Autopsy Findings[edit]
The 3.5 x 2.5-cm mass was firm, gray, and gelatinous. The mass proved to be a cryptococcal lesion.
This is the chest x-ray showing the mass (arrow) in the right lower lobe.
This is a gross photomicrograph of this lung taken at autopsy. Note the areas of emphysema (1) and consolidation (2).
This is another section of this lung showing consolidation (arrows).
This is a low-power photomicrograph of the lung from the lesion seen on x-ray. Note that there is little, if any, inflammatory reaction.
This is a higher-power photomicrograph of the cryptococcal lesion. The air spaces are filled with organisms (arrows).
This is a high-power photomicrograph of the cryptococcal lesion. Some of the organisms have been expelled during processing, but some cryptococcal organisms can be seen (arrows).
This is another high-power photomicrograph of the cryptococcal lesion. In this section, numerous cryptococcal organisms (5-10 mm in diameter) can be seen (arrows). Note that there is very little inflammatory reaction.
Cryptococcal organisms can also be seen in this high-power photomicrograph of the cryptococcal lesion. Some of the organisms have a well-defined halo (arrows) due to the mucopolysaccharide coat which surrounds them.
This higher-power photomicrograph of a cryptococcal organism shows more clearly the nucleus surrounded by the large extracellular capsule (arrows).
This is a low-power photomicrograph of lung section stained with Alcian blue, which stains the acidic glycosaminoglycans making up the coat of the cryptococcal organism.
This is a higher-power photomicrograph of lung section stained with Alcian blue.

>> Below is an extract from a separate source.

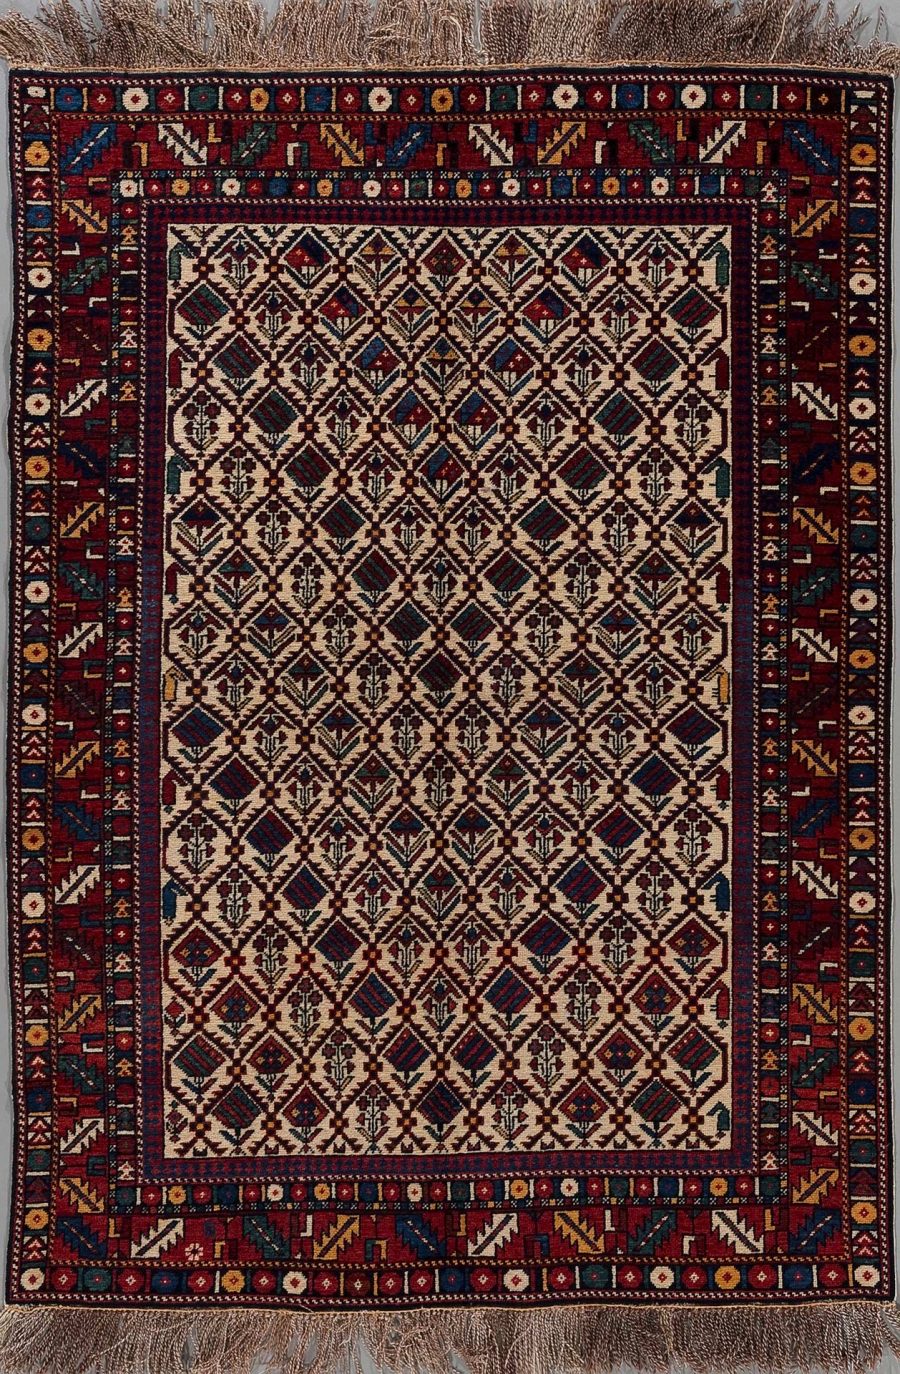 Traditioneller handgeknüpfter Teppich mit komplexen Mustern in warmen Rottönen sowie Blau-, Creme- und Brauntönen, aufgehängt vor einem neutralen Hintergrund.

The mucopolysaccharide capsule shrinks during processing with this stain, thereby producing a shrunken central appearance with the formation of spikes around each organism.
This is a touch prep of fresh lung tissue that was allowed to air dry and then stained to show the mucopolysaccharide capsule around the cryptococcal organisms (arrows).
Study Questions[edit]
Cryptococcus neoformans is present in the soil and in bird (particularly pigeon) droppings.
The organism infects humans when it is inhaled.
Normal healthy people can get cryptococcal meningoencephalitis but cryptococcal infections are more common in individuals
(1) who receive high-dose corticosteroids and/or
(2) who have AIDS, leukemia, lymphoma, systemic lupus erythematosus,
Hodgkin’s disease, sarcoidosis, or transplant patients.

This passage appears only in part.